Supplied material >>
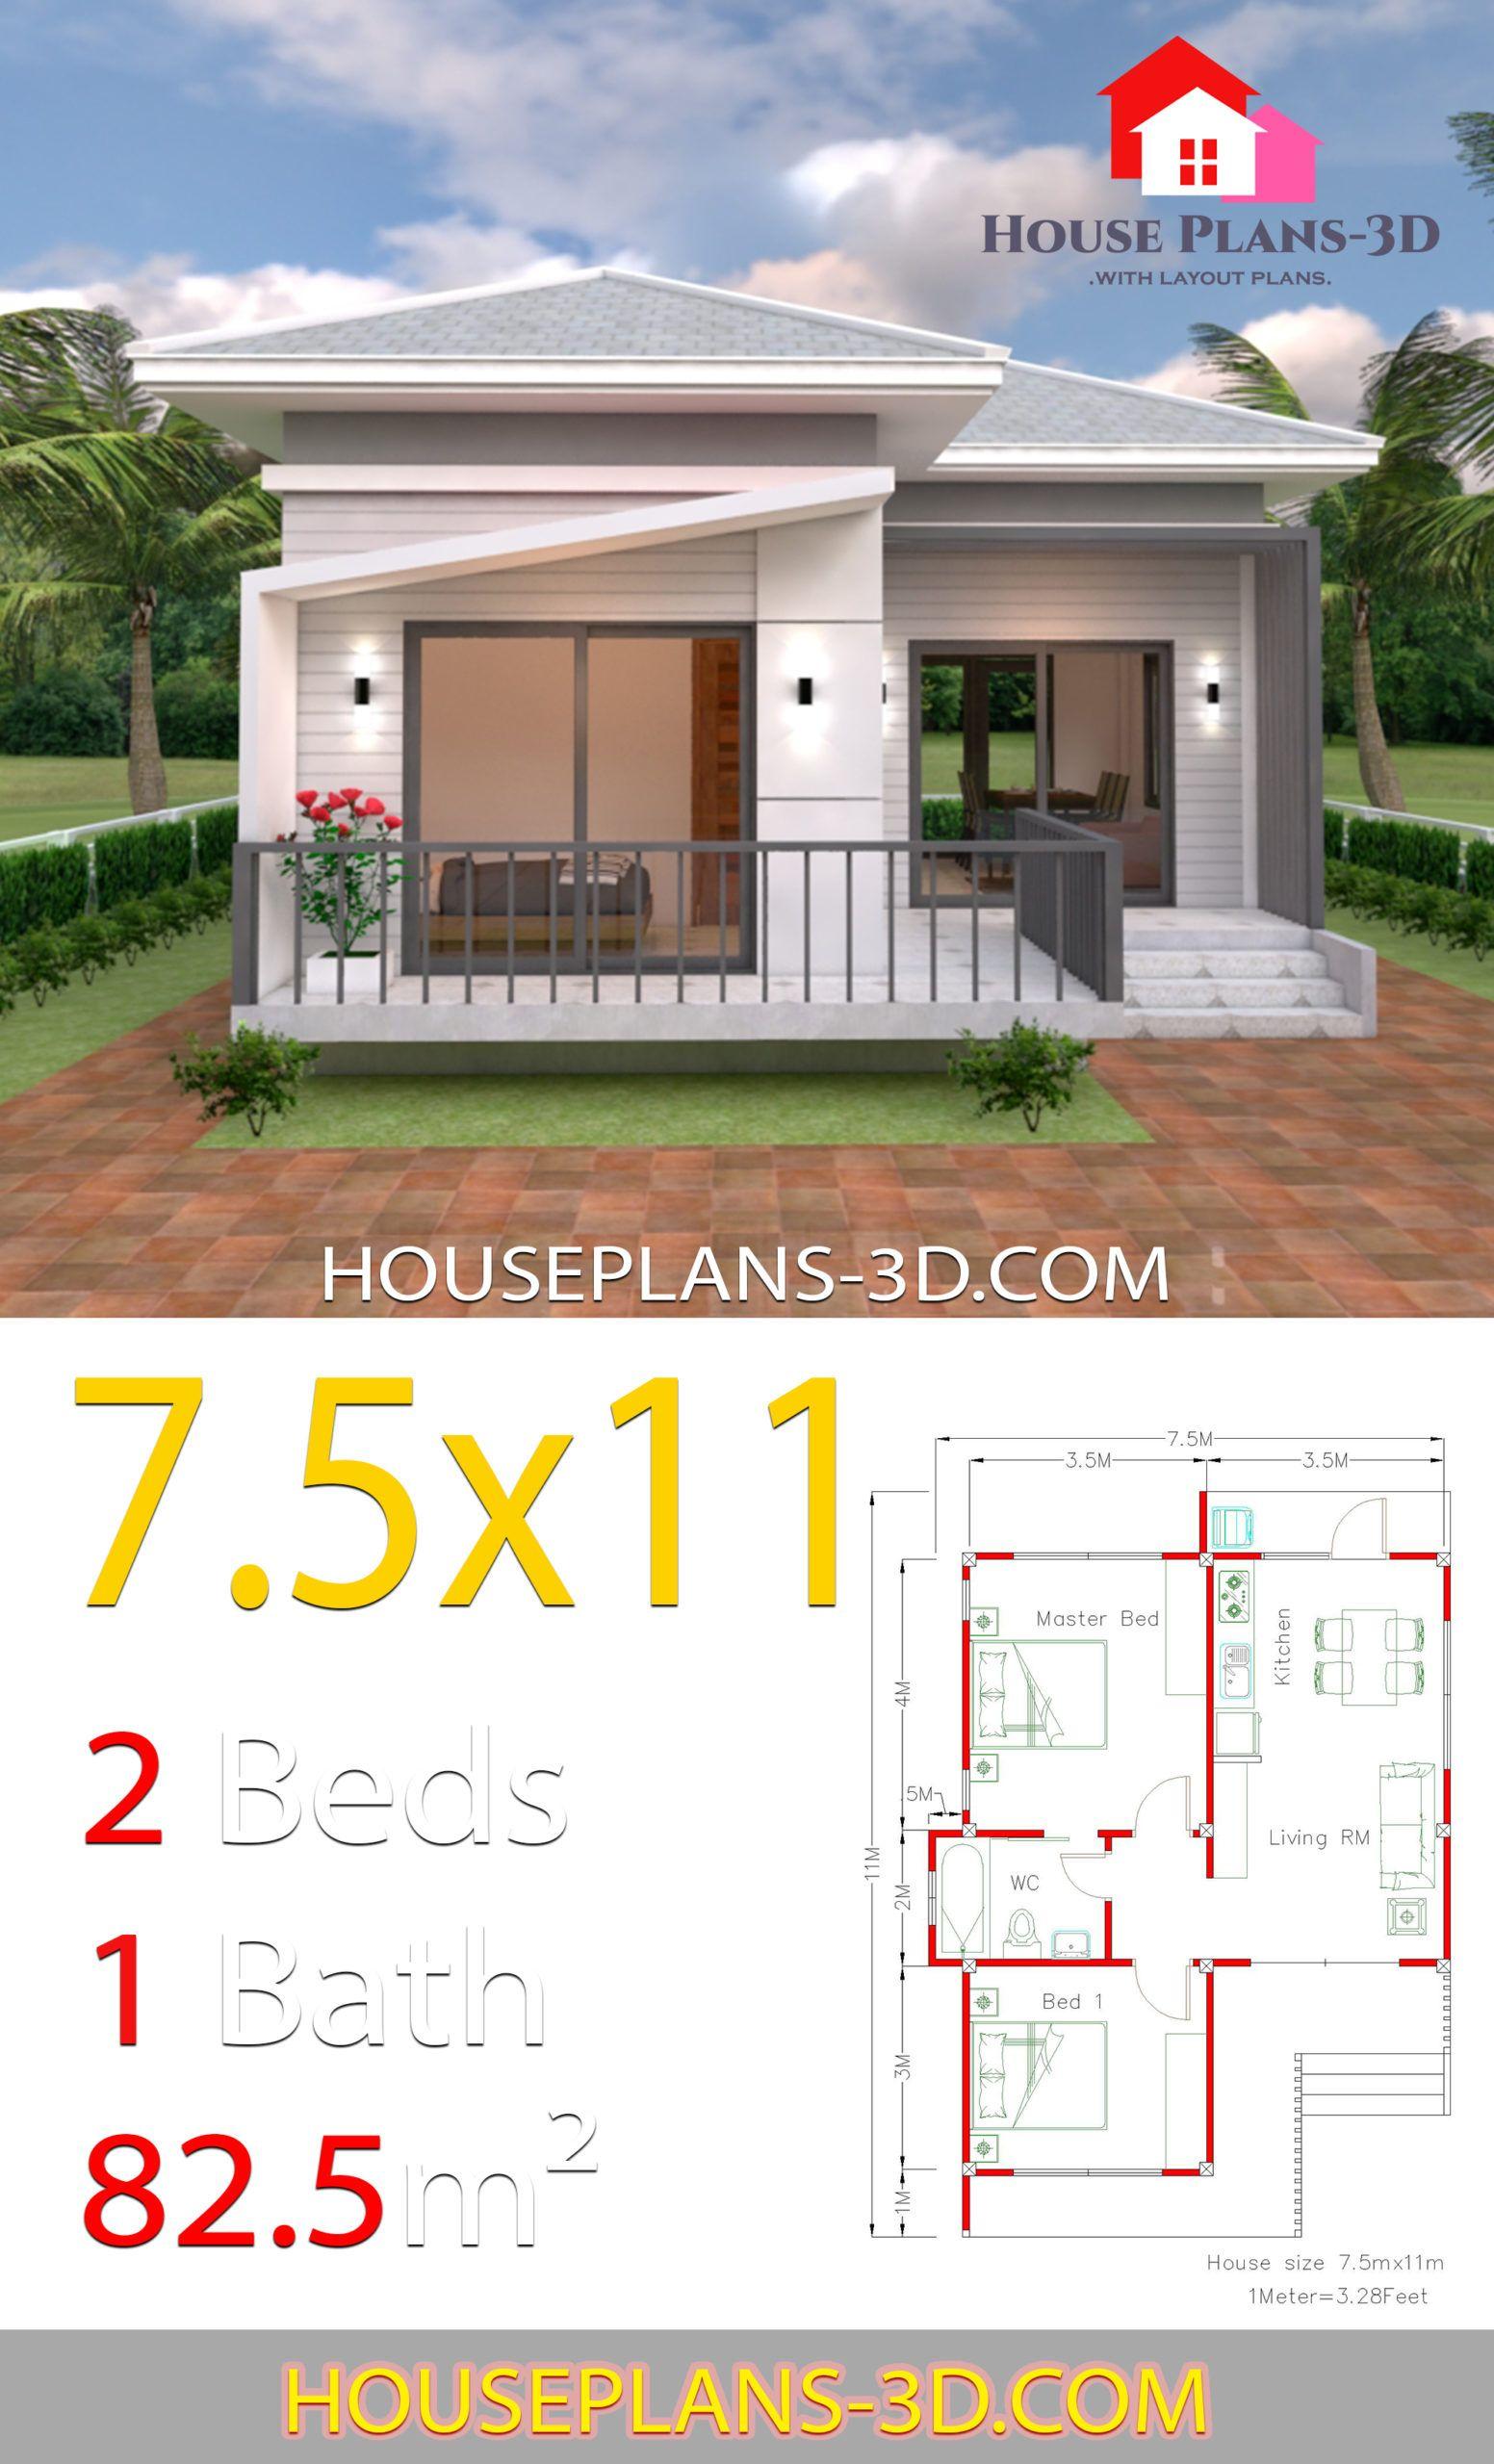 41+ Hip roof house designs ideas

...

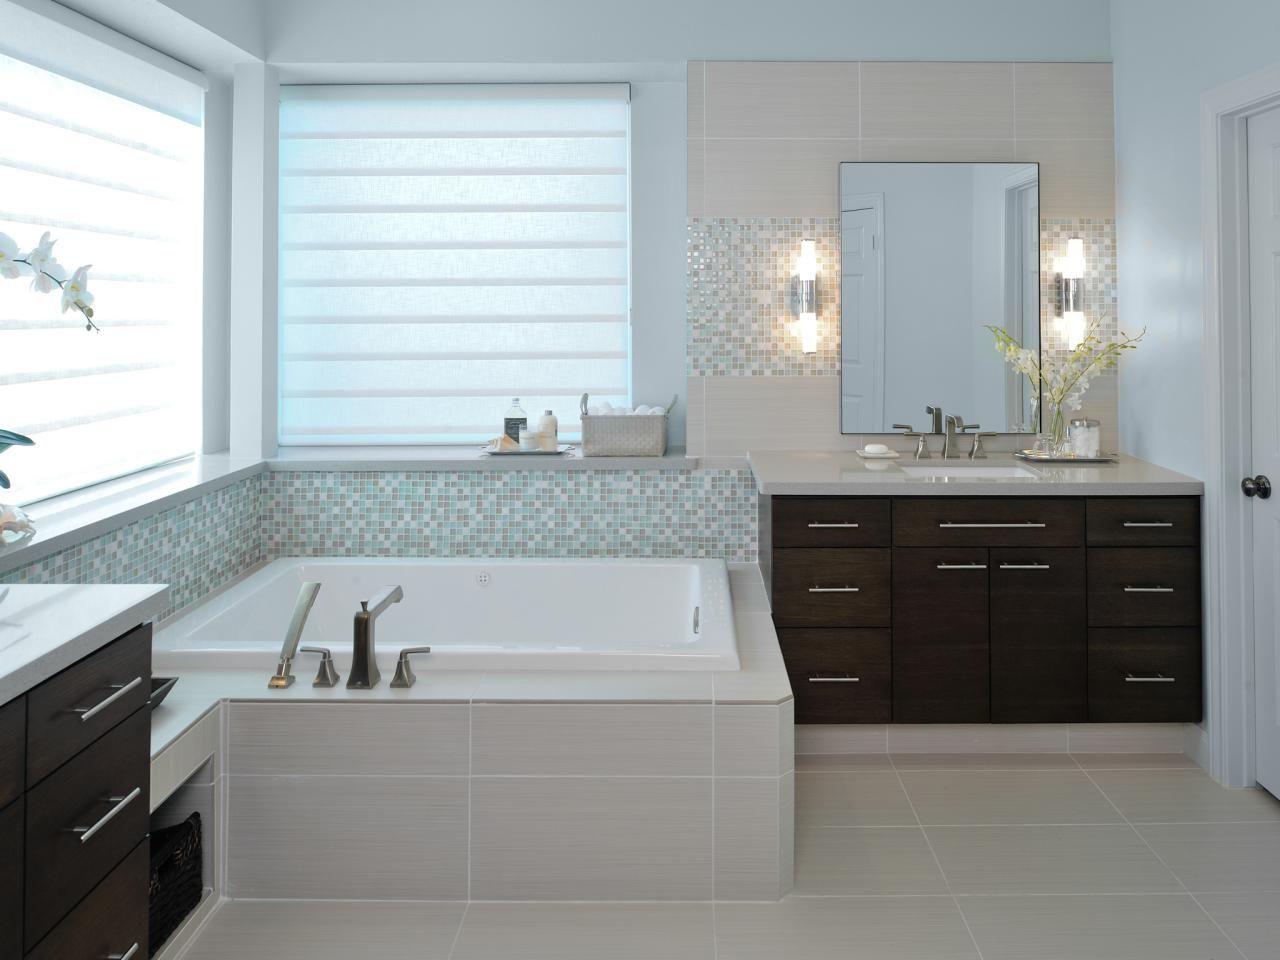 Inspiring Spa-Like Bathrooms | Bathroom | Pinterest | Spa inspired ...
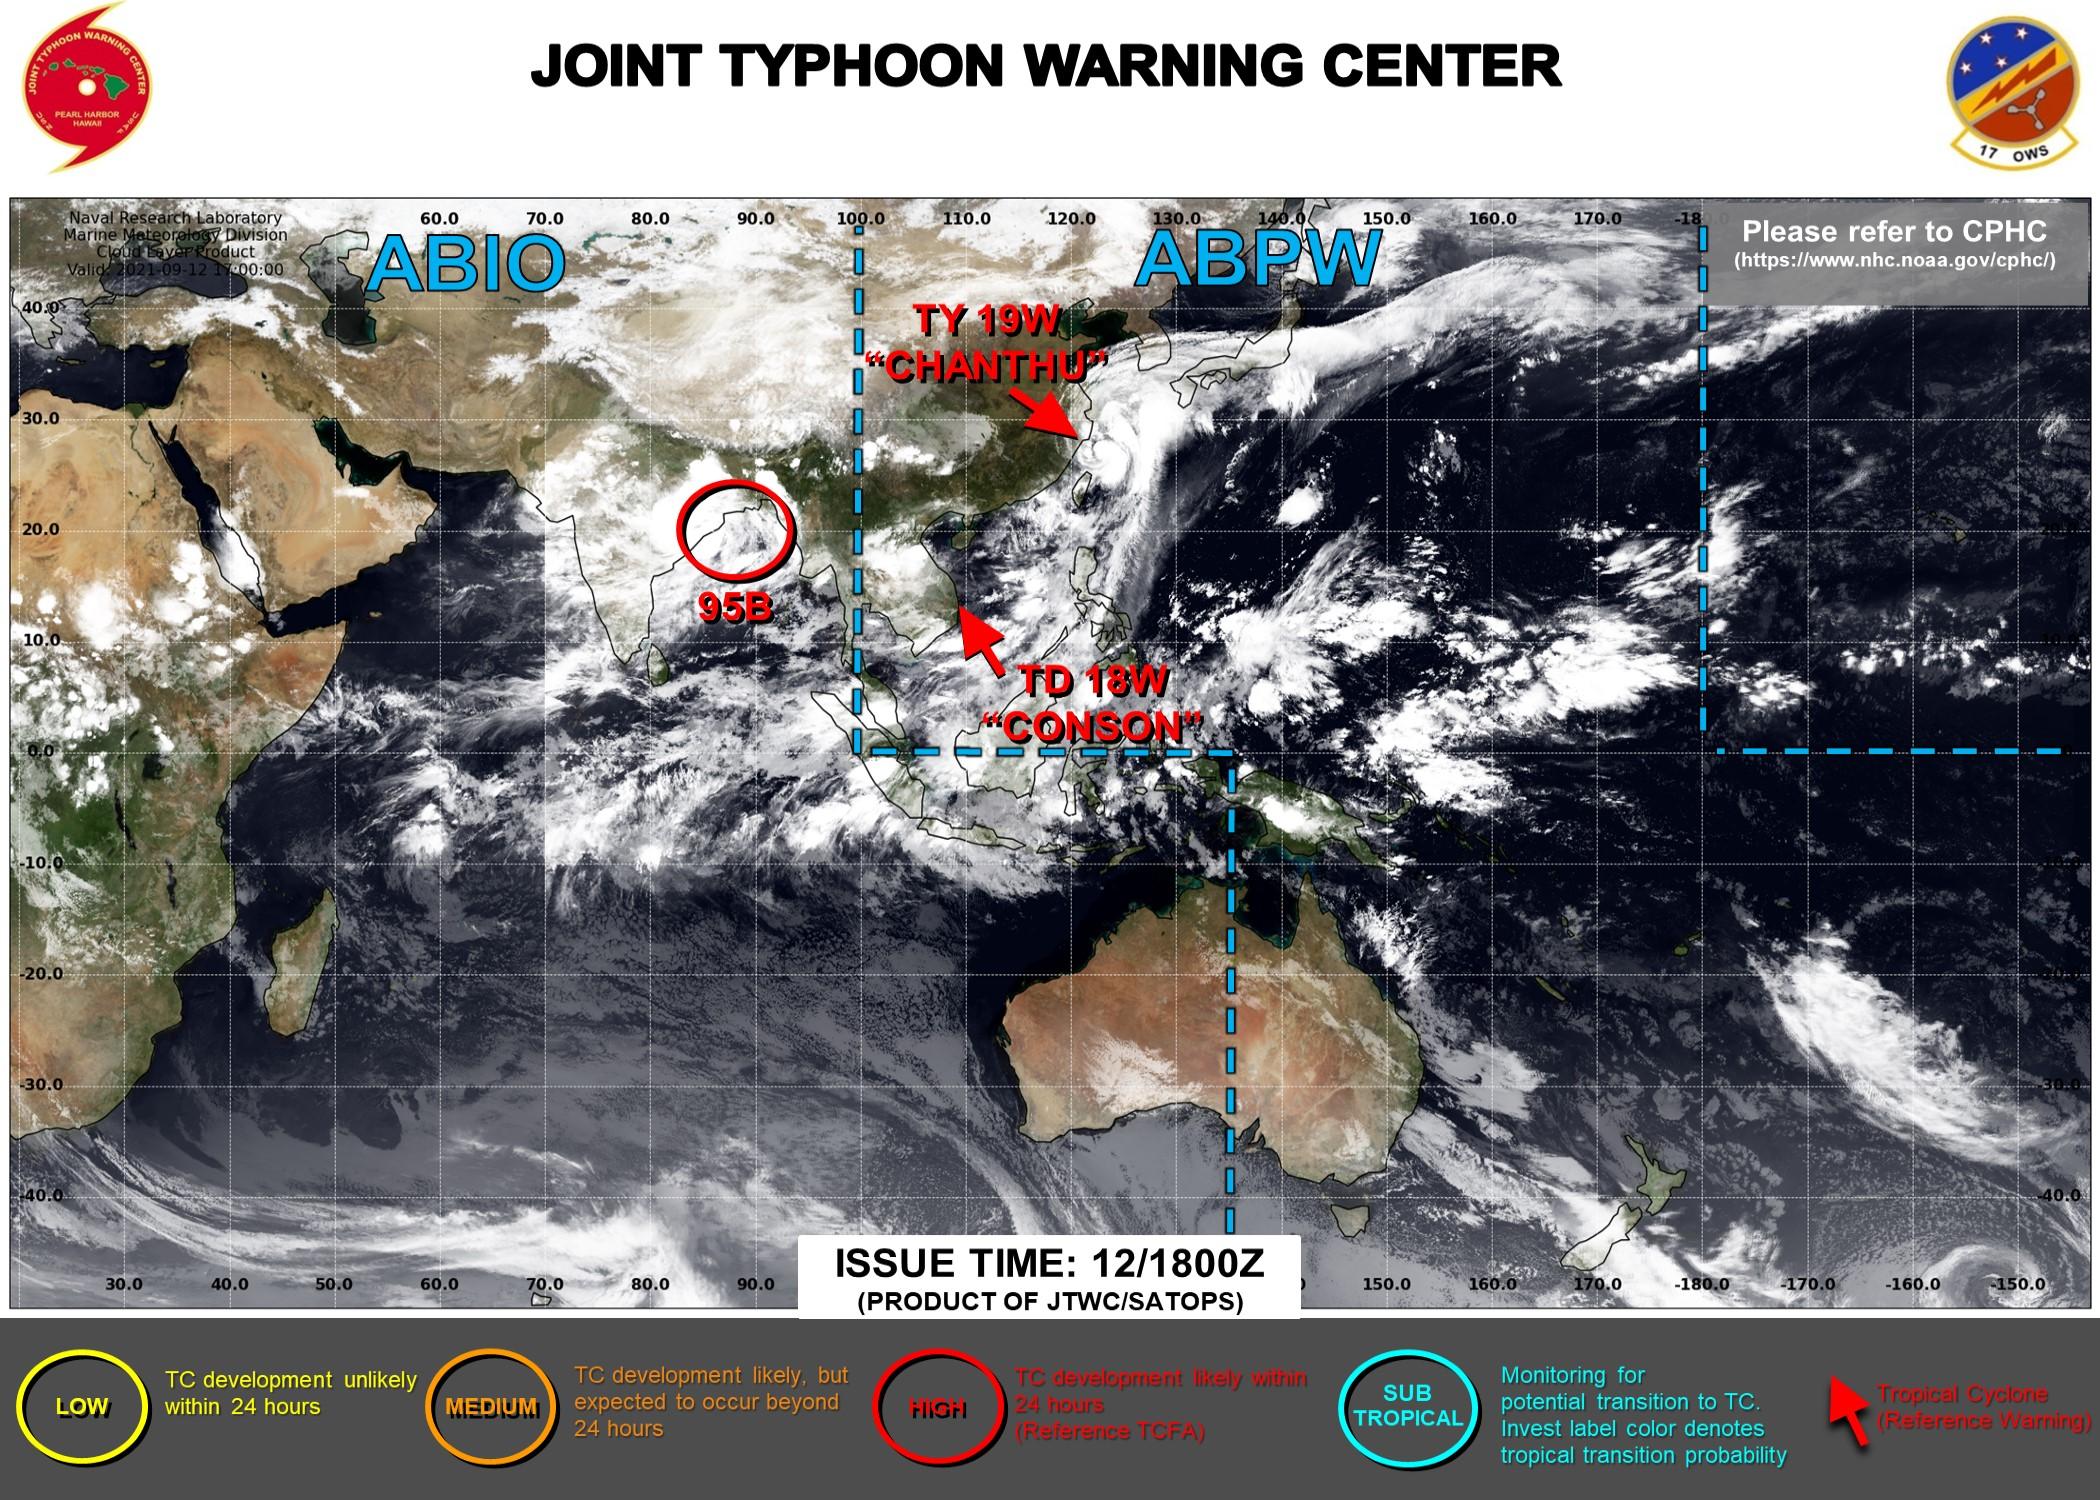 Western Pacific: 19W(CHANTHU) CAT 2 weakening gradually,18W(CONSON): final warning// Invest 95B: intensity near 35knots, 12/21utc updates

Exercise details >> Nothing but the lines from the one with "Inspiring Spa-Like Bathrooms" to the one with "Western Pacific: 19W(CHANTHU)" above, both included, should be transcribed, exactly and without pictures.

Response area >>
 Inspiring Spa-Like Bathrooms | Bathroom | Pinterest | Spa inspired ...
 Western Pacific: 19W(CHANTHU) CAT 2 weakening gradually,18W(CONSON): final warning// Invest 95B: intensity near 35knots, 12/21utc updates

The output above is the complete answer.